Charles Dhewa Correspondent
Besides focusing on pleasing foreign investors, the ease of doing business hype gives an impression that business is easy.
If doing business was easy, everybody would be a businessperson.
Farmers and entrepreneurs who wait for conditions to become favourable in order to get into business will stop forever.
Most organisations and people who promote the notion of ease of doing business have never run businesses themselves.
Isn’t it correct that fortunes are born in bad markets?
The ability to navigate uncertainties is the most powerful skill in the business world.
Those who do well in hard times will survive anywhere.
For a long time, development organisations have pretended to simplify people’s livelihoods, including doing business, but this has happened at the expense of innovation.

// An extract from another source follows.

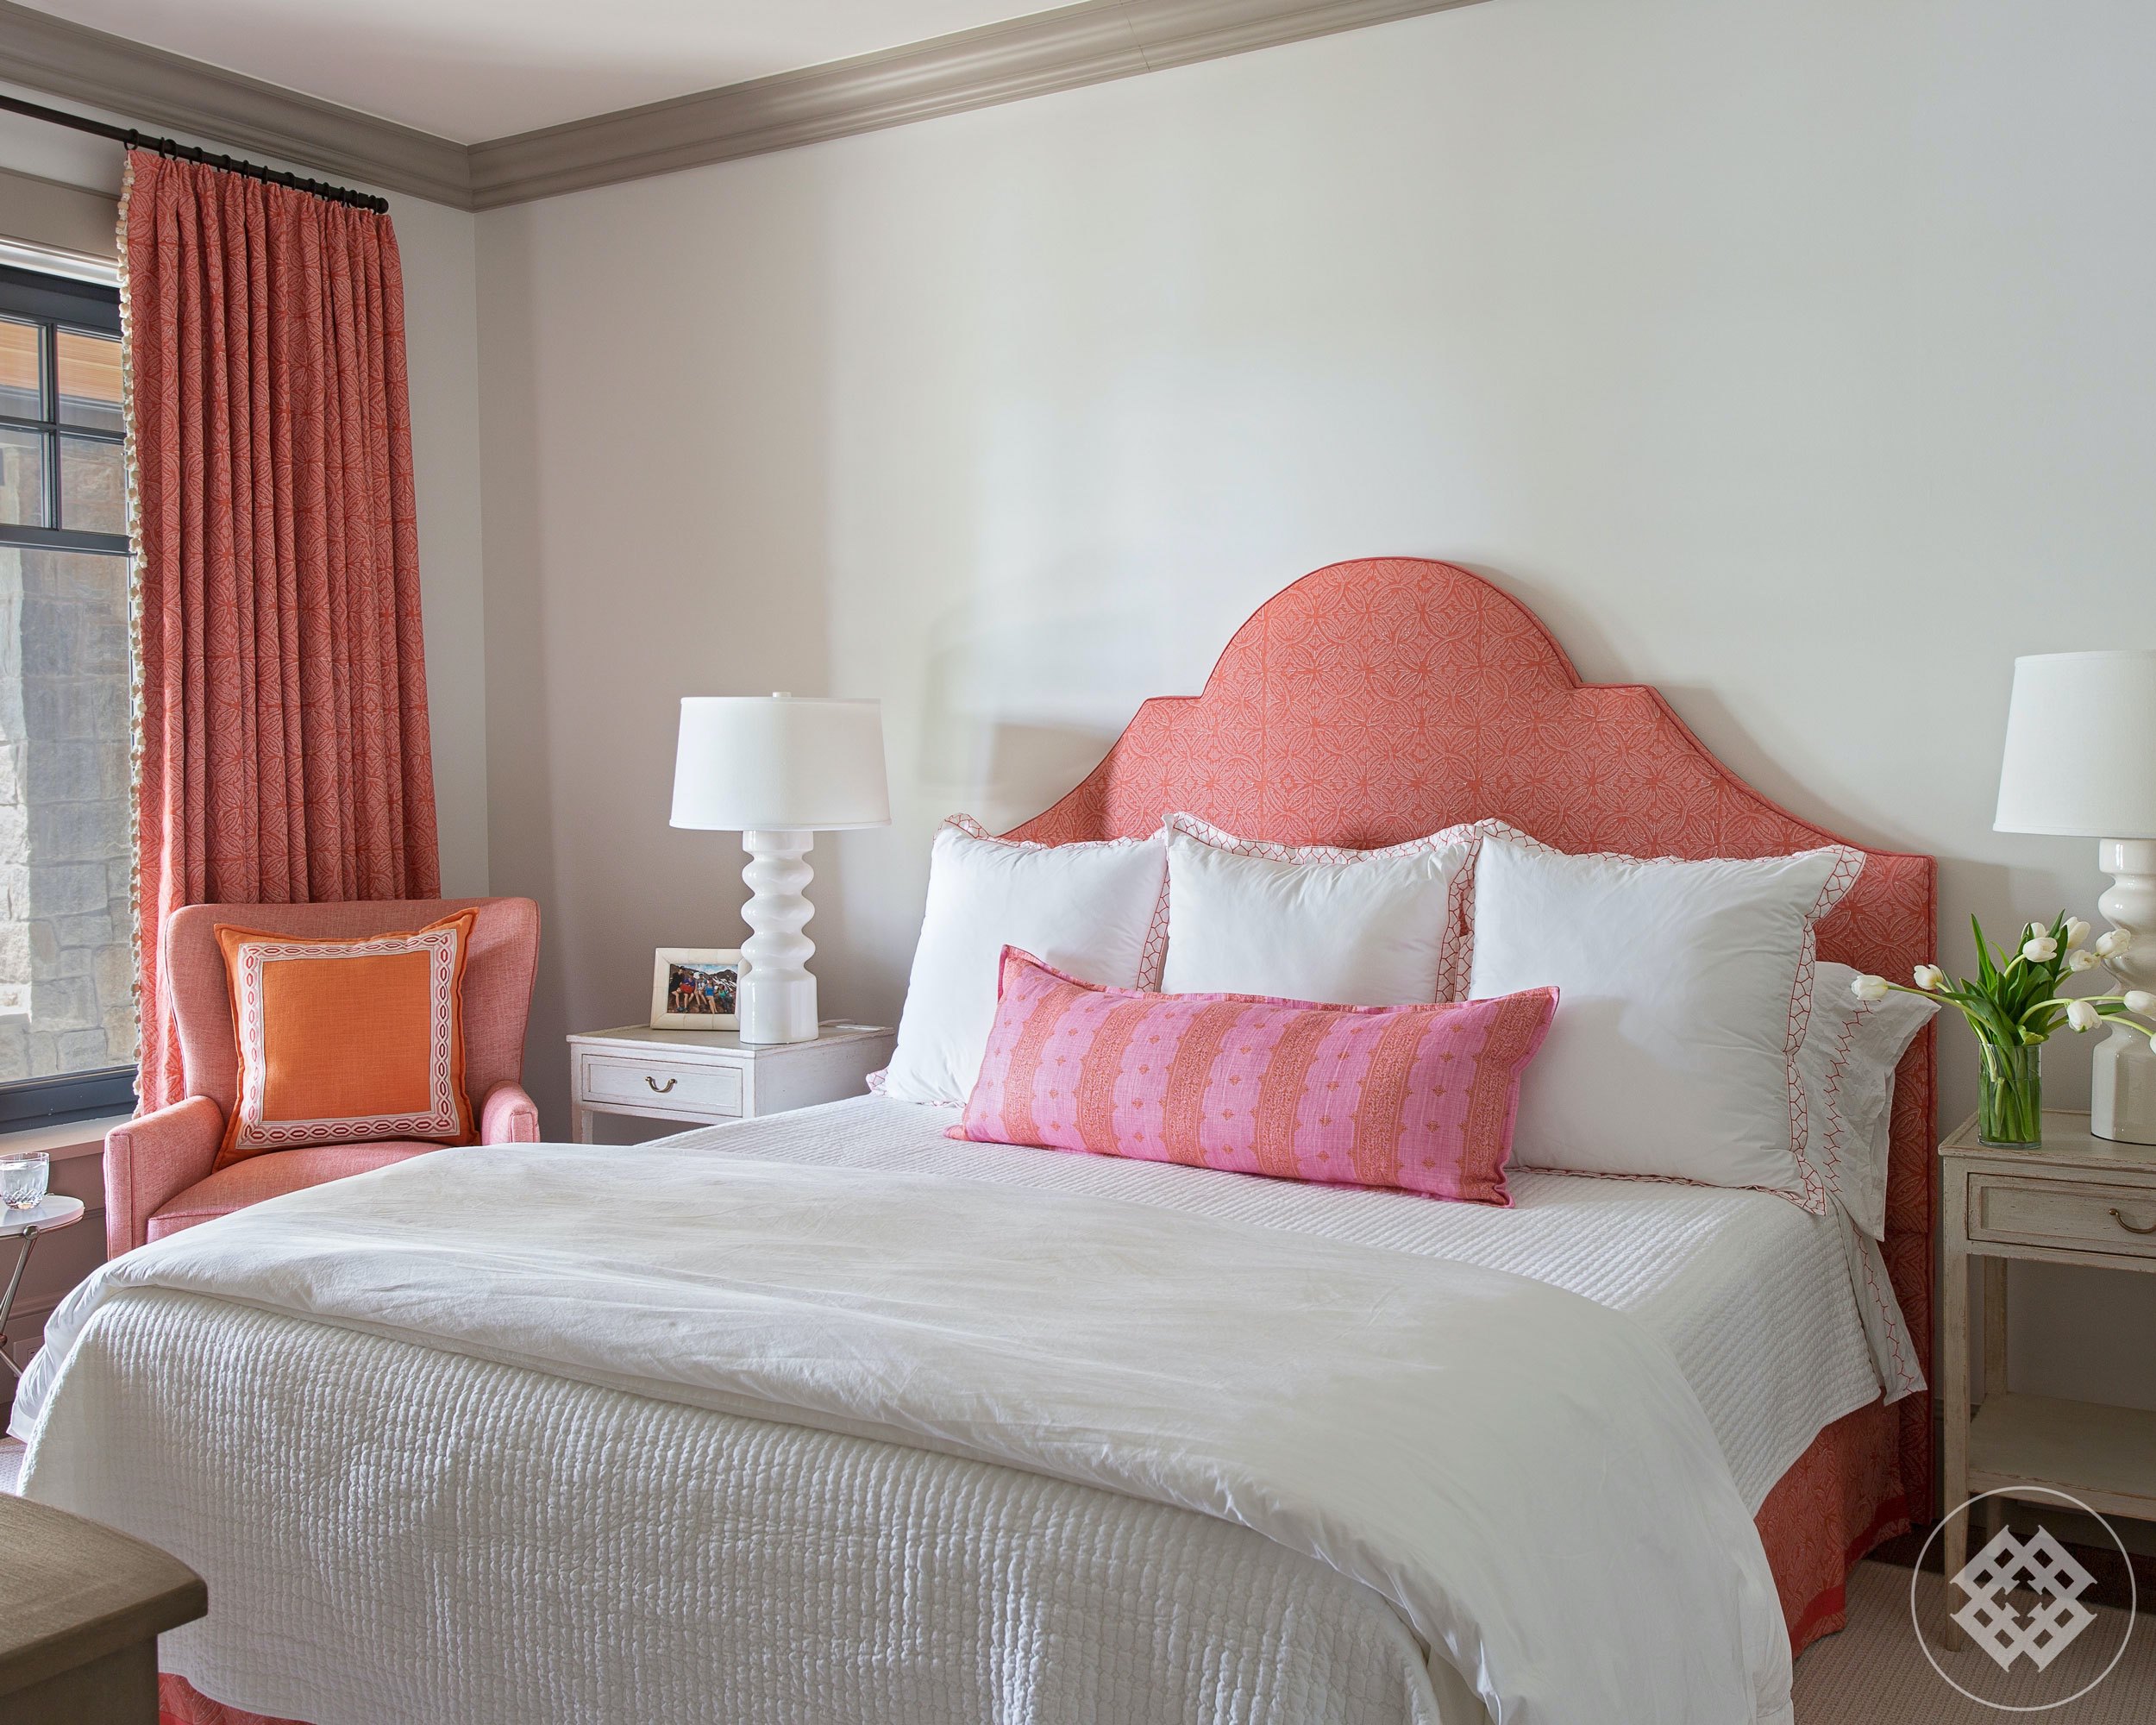 kkl-guest-bedroom-with-custom-upholstered-headboard.jpg

Open markets in developing countries have for decades been proving that doing business is not easy.
If business was easy, those with collateral would easily get all the money from banks and succeed in doing their businesses.

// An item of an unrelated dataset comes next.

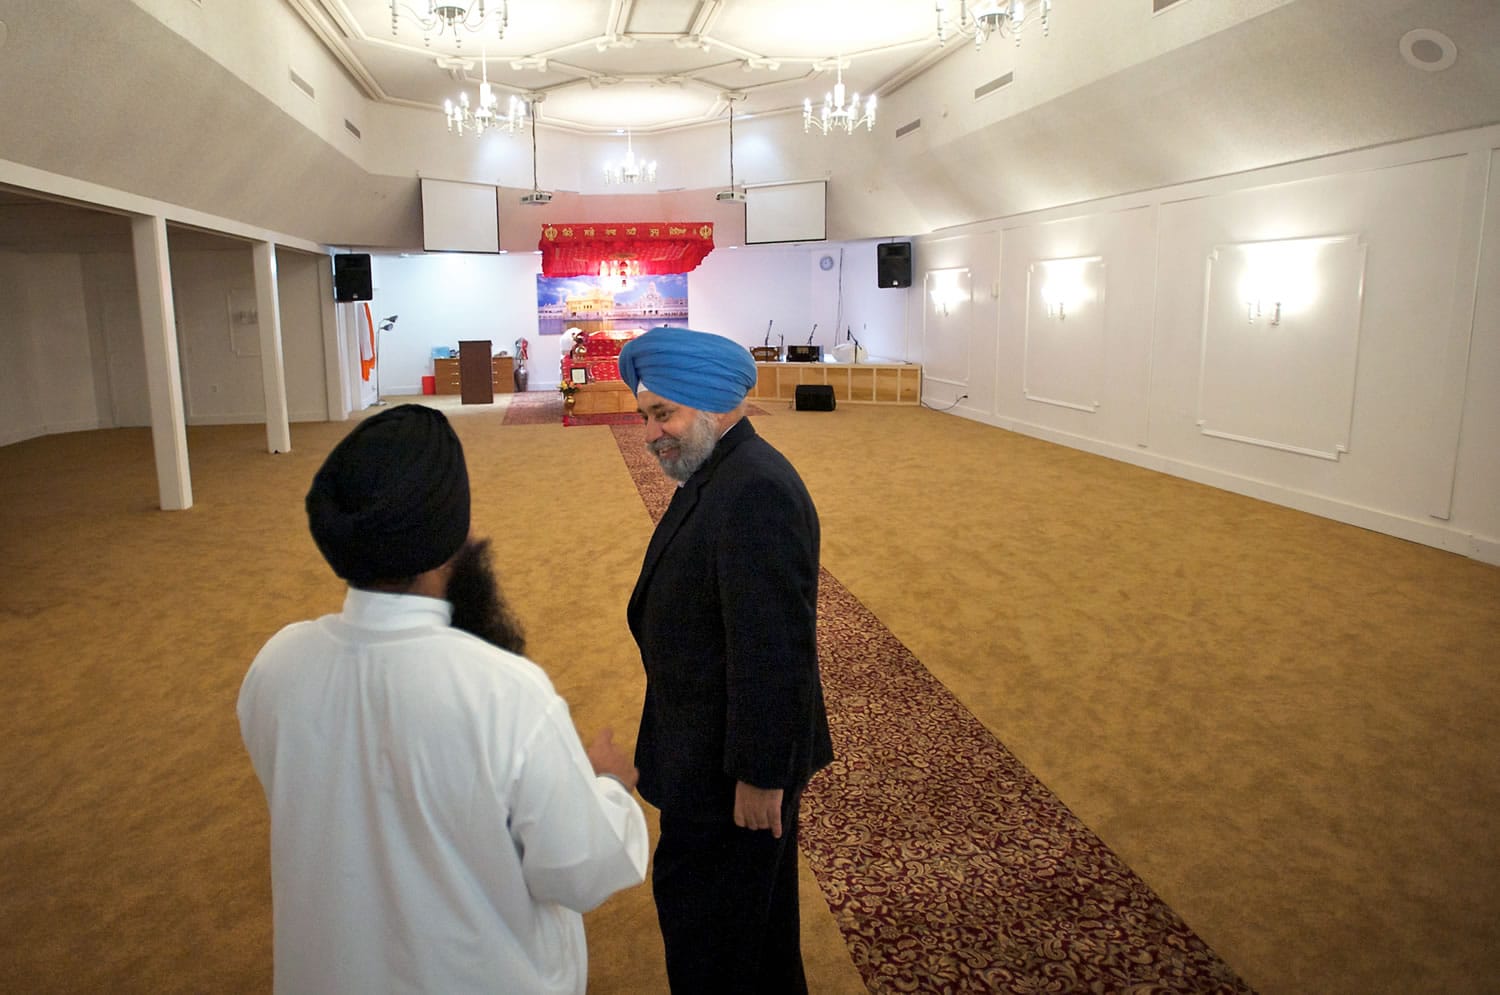 Jagjit Prehar Singh, right, talks to Sukwinder Singh inside Gurudwara Sahib Vancouver.

Conversely, small actors like SMEs, who do not have the collateral required by banks, have a better sense of the business environment than big boys, who can easily walk into a bank and get what they want, but fail to run businesses.
Lessons from dynamics in African mass markets
Every farmer, who brings commodities in the mass market, is expected to sell everything within four hours irrespective of the volume of commodities s/he brings.

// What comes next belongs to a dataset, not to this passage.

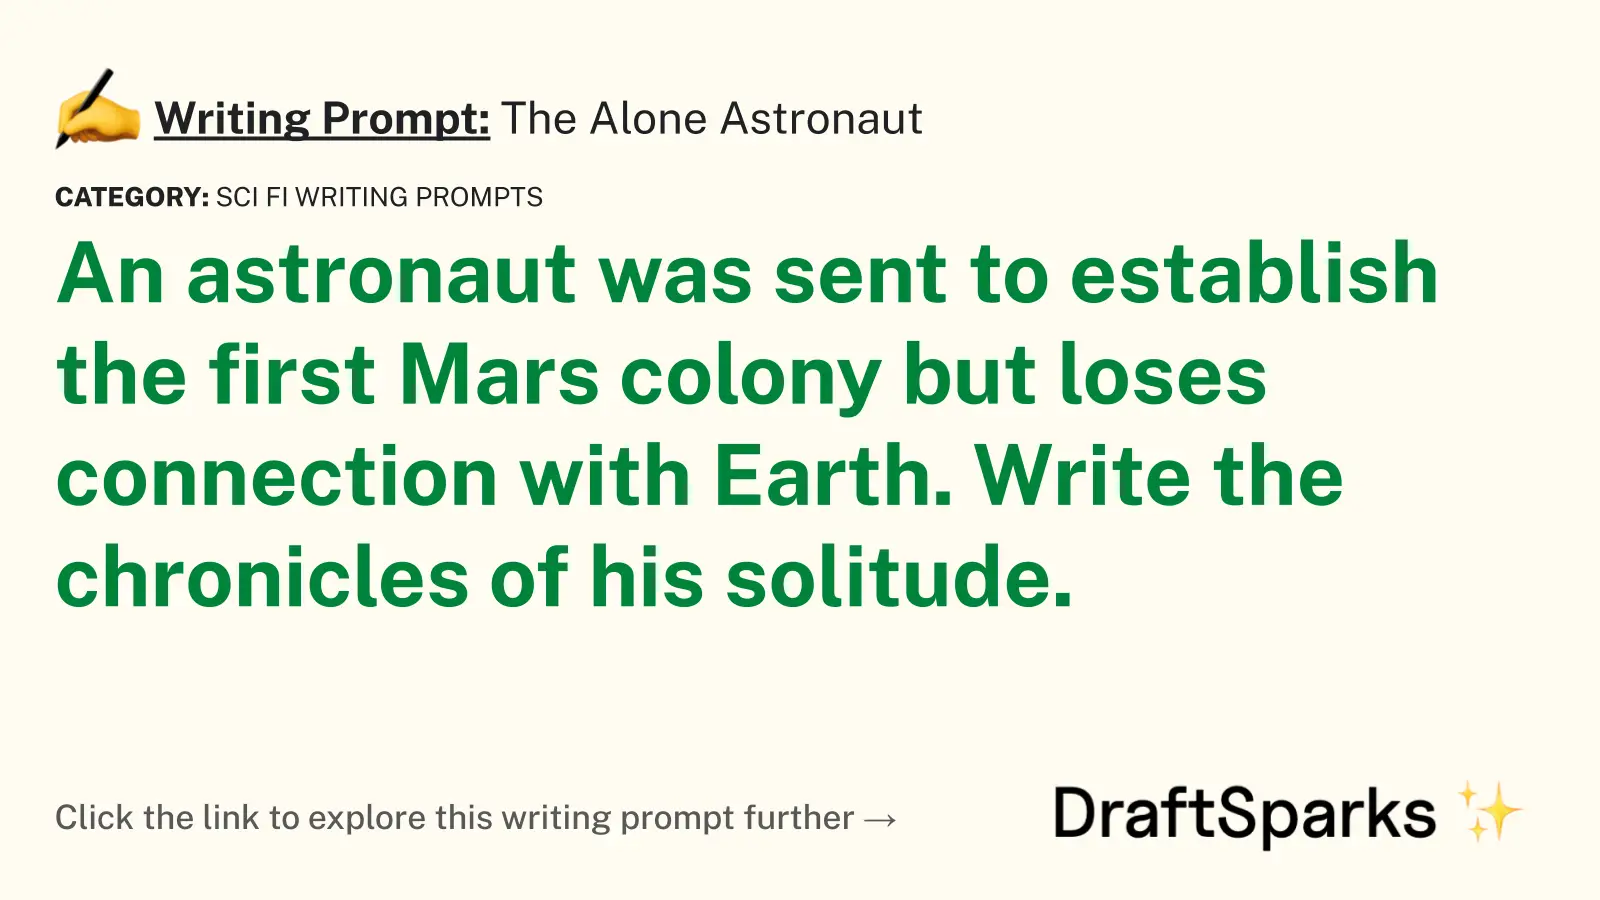 The Alone Astronaut

The farmer will have to know different actors, including opportunistic traders, who jump onto every fast-moving commodity.
Being opportunistic, these traders go for a commodity when it has the best price.
For instance, when tomatoes are in short supply, they colonise them, but when there is a tomato glut, they leave farmers to struggle on their own.
A desire to quickly seal a deal is one characteristic of a trader.
Before the farmer knows it, s/he has already agreed to a deal.
These are the same techniques applied by some foreign investors on uninformed Government officials, who end up signing deals that do not help ordinary people like farmers.
How mass market traders use
By looking at dressing and walking style, traders can tell whether one is a farmer or trader.
Traders walk much faster. The way commodities from a farmer and a trader are stacked is also telling.
Traders have a structure of stacking and grading by stacking, while the farmer’s commodities are often mixed up.
A trader’s commodities are well-packed and in large sizes or portions on top.
When traders visit farms, they go with experienced packers — packing is where some of the manipulation happens through over-packing.
Since most smallholder farmers do not have scales to weigh commodities on-farm, measuring through observations sees the trader getting an extra crate from at least four crates.
This is just to illustrate how there is no real ease of doing farming as a business.
How competitors close to themarket end up setting prices
A farmer who brings 1 000 crates of tomatoes tend to set the price and rules of the game for the farmer who brings 200 crates.
If a box is going for $10, the farmer who brings 1 000 crates will earn $10 000, while the one who brings 200 crates will earn $2 000 within the four hours of marketing.
Assuming transport costs constitute 20 percent of sales, the 1 000 crates farmer will incur $2 000 transport costs, while the 200 crates farmer will incur $4 000 transport costs because s/he has to do five trips in order to match the 1 000 crates farmer who will have brought his consignment in one trip.
This means the 1 000 crates farmer enjoys economies of scale, enabling him/her to set prices.
He can afford to drop prices to $8/crate and still break even, while the 200 crate farmer will not be able to survive.
This is how big volume farmers can push out smallholder farmers, who bring small volumes.
The same scenario applies to the inputs side. Farmers who are subsidised with inputs push those who buy their own inputs out of the market.
It means prices will not be set by supply and demand, but by some farmers with hidden advantages that enable them to set prices downwards.
The market does not care that commodities coming to the market were produced with different costs.
It is the same with formal education. Children in rural areas are expected to write the same examination with urban children who have many advantages like electricity and libraries and be expected to compete for the same employment opportunities.
In agriculture, farmers close to supermarkets have a lot of advantages like good road network and abundant transport choices.
On the other hand, farmers in Rusitu, which is a good production zone, but beset by poor infrastructure, are less competitive in the same market with farmers from Mazowe or Norton.
That is how they are taken advantage of by farmers close to the market whose price settings influences prices on the entire market.
Farmers close to the market end up becoming buyers of commodities from those in distant production zones.
Promoting ease of doing business by exploring other advantages
Besides price, what other competitive advantages can be used to assist farmers far from the market?
Nyanga potato farmers in Zimbabwe have managed to stand up to the competition due to their unique micro climate, which enables them to produce high quality potatoes and supply when competitors do not have the commodity.
What competitive advantages can be identified in distant farmers so that they can have a percentage share in setting prices?
When such advantages are identified and cultivated, price stops becoming the only determinant of consumers’ decisions to buy.
From that angle, there will be a justification for prices to differ as farmers from distant areas will have a unique selling proposition justifying higher prices to compensate market-related costs.
Unless policymakers understand these issues at a granular level, ease of doing business initiatives will not benefit farmers and small entrepreneurs.